Code
::install_github("heli-xu/findSVI@customized-boundaries") devtools
Validating find_svi_x()
Heli Xu
January 24, 2027
We have a new function in the findSVI package, find_svi_x()
, which does census data retrieval and calculate the SVI at a customized geographic level, based on its relationship to a Census geographic level). Essentially it’s a wrapper for get_census_data()
with exp = TRUE
and get_svi_x()
.
Briefly, the important elements needed for the function are:
year
: Year of interest (2012-2022).
geography
: a Census geographic level that the customized level is based on.
state
: State of interest (optional), default as whole US.
xwalk
: a crosswalk (relationship file) of a Census geography (column GEOID
) and a customized geographic level (column GEOID2
).
geometry
: set TRUE to include spatial information, default as FALSE.

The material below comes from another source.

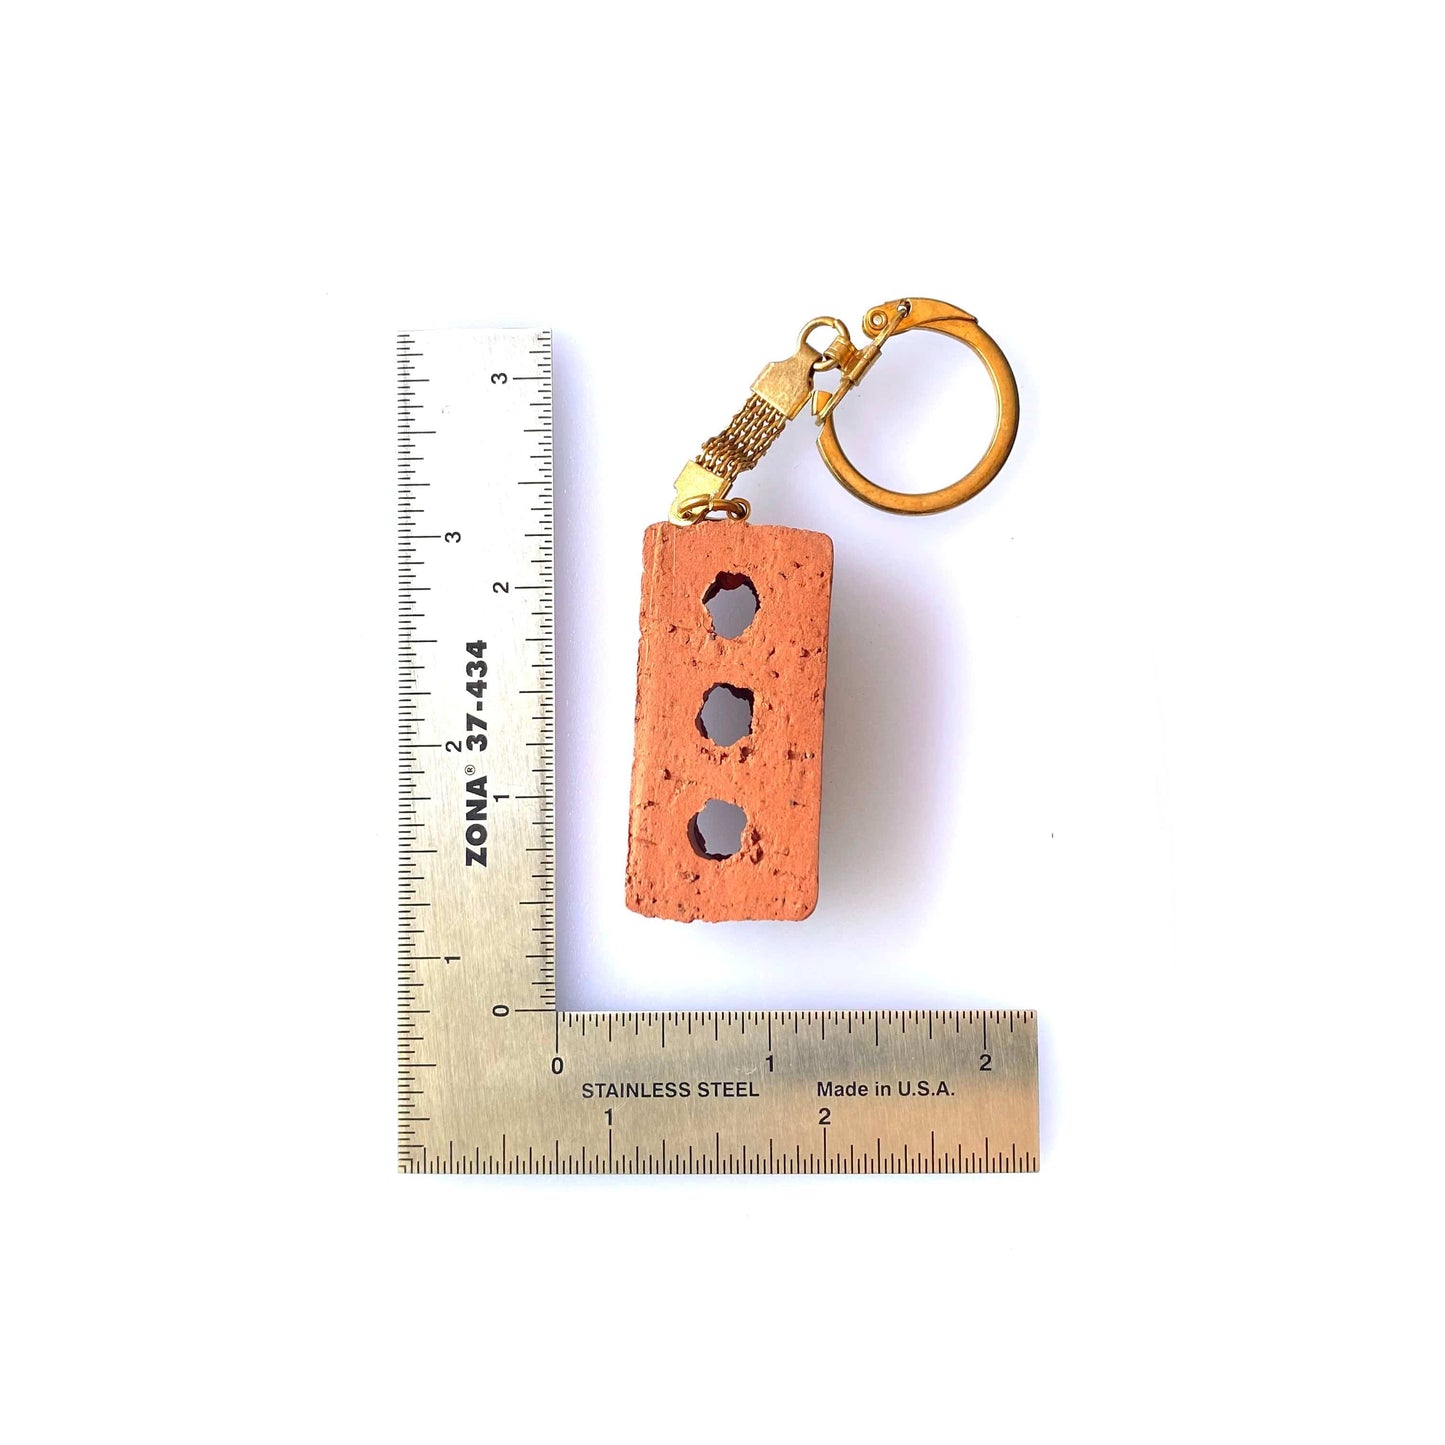 Vintage Endicott Clay Products Employee-Only Keychain Goldtone Key Ring

Similar with the approach mentioned in the commute zone post, we are using a pseudo-crosswalk to validate our calculation of county-level SVI in PA, as an example, against the CDC SVI for the years that they are available.
The pseudo-crosswalk is constructed with replicating the county IDs in PA (county-county crosswalk, first 10 rows shown below):
cor_plot <- function(cdc_svi, svi) {
join_RPL <- cdc_svi %>%
select(GEOID = FIPS,
cdc_RPL_themes = RPL_THEMES,
cdc_RPL_theme1 = RPL_THEME1,
cdc_RPL_theme2 = RPL_THEME2,
cdc_RPL_theme3 = RPL_THEME3,
cdc_RPL_theme4 = RPL_THEME4) %>%
mutate(GEOID = paste(GEOID)) %>%
left_join(svi %>%
select(GEOID,
RPL_themes,
RPL_theme1,
RPL_theme2,
RPL_theme3,
RPL_theme4)) %>%
drop_na() %>% ## remove NA rows
filter_all(all_vars(. >= 0)) #-999 in cdc data
coeff <- cor(join_RPL$cdc_RPL_themes, join_RPL$RPL_themes)
plot <- join_RPL %>%
ggplot(aes(x = cdc_RPL_themes, y = RPL_themes)) +
geom_point(color = "#004C54")+
geom_abline(slope = 1, intercept = 0)+
labs(
subtitle = paste0("Comparison of overall percentile rankings (RPLs), correlation coefficient = ", coeff),
y = "findSVI",
x = "CDC")+
theme(plot.title = element_text(size= 14))
return(plot)
}
cor_plot(cdc_cty_svi2022, svi_x2022)+
labs(
title = "CDC vs. find_svi_x() CTY-level SVI for PA, 2022"
)
Overall findSVI calculation correlates well with CDC SVI. It’s worth noting that find_svi_x()
result has slightly more variability than find_svi()
that directly uses Census percentage variables, perhaps especially so in 2022 among recent years. This is because CDC SVI added more variables that are directly using ACS percentages in the latest update for 2022, and the rationale is addressed in the documentation :
” For the 2022 database, we remapped some of our EP variables directly to ACS percentage variables. This change largely meant, when possible, we favored percentage variables from the ACS Data Profile (DP) and Subject (S) tables rather than calculating from Detailed (B) table count estimates. During our analysis we found the new variable mappings improved SVI processing through simpler calculations, greater transparency, and better accuracy. Furthermore, some variable changes allowed us to use ACS-calculated margins of error rather than deriving our own. These updates follow ACS recommendations noted in their guidance document U.S. Census Bureau, Understanding and Using American Community Survey Data: What All Data Users Need to Know, U.S. Government Publishing Office, Washington, DC, 2020.”
Before the “remap” in 2022, the results between directly retrieving ACS percent and calculating from estimate count are more comparable, with strong correlation to CDC SVI.